Data supplied START
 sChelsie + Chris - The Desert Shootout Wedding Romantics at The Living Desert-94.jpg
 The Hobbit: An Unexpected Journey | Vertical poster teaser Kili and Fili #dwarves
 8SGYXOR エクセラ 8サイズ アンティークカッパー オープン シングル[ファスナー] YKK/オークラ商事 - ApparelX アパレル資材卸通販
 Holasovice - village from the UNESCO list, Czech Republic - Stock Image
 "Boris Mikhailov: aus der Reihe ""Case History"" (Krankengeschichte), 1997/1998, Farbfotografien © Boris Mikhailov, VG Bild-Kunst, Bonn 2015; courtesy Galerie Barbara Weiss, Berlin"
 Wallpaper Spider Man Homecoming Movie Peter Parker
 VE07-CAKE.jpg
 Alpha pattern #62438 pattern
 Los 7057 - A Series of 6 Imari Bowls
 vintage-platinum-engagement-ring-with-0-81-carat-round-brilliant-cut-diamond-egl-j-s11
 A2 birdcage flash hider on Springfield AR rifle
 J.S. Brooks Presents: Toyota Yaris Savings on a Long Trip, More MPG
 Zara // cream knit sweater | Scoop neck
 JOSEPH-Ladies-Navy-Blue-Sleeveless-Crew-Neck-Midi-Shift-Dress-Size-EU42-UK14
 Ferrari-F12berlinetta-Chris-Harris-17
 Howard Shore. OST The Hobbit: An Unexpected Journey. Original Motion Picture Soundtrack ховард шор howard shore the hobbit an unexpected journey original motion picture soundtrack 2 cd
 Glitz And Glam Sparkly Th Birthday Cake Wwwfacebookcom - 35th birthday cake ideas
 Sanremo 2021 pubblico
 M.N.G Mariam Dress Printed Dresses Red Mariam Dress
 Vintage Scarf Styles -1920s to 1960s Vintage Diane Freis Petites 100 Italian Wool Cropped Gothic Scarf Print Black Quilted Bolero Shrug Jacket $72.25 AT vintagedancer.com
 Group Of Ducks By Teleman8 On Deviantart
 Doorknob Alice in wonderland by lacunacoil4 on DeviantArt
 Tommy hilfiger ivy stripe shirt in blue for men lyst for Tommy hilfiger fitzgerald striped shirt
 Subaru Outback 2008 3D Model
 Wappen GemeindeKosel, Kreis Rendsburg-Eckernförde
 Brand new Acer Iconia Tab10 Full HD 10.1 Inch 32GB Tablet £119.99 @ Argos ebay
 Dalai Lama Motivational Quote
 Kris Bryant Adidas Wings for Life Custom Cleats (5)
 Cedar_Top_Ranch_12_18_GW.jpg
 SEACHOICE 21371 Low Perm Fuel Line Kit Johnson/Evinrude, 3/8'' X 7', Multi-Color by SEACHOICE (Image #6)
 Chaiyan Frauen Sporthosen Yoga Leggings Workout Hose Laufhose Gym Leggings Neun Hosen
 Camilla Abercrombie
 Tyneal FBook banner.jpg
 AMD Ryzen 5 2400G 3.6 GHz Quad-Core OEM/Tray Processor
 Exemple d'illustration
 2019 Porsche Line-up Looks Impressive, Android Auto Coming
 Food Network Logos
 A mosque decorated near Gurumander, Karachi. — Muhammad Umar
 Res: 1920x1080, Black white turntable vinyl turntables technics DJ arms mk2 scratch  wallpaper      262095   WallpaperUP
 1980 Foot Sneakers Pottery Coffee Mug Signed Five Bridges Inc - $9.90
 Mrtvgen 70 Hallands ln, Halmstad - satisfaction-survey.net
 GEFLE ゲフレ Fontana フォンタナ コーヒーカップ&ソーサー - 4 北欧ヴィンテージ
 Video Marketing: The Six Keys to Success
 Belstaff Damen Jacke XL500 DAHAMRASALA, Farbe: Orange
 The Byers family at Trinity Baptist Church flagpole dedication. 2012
Data supplied END
» **Task prompt**:
Show every line in the entries above that contains the string "Black".

» **Your response**:
 Vintage Scarf Styles -1920s to 1960s Vintage Diane Freis Petites 100 Italian Wool Cropped Gothic Scarf Print Black Quilted Bolero Shrug Jacket $72.25 AT vintagedancer.com
 Res: 1920x1080, Black white turntable vinyl turntables technics DJ arms mk2 scratch  wallpaper      262095   WallpaperUP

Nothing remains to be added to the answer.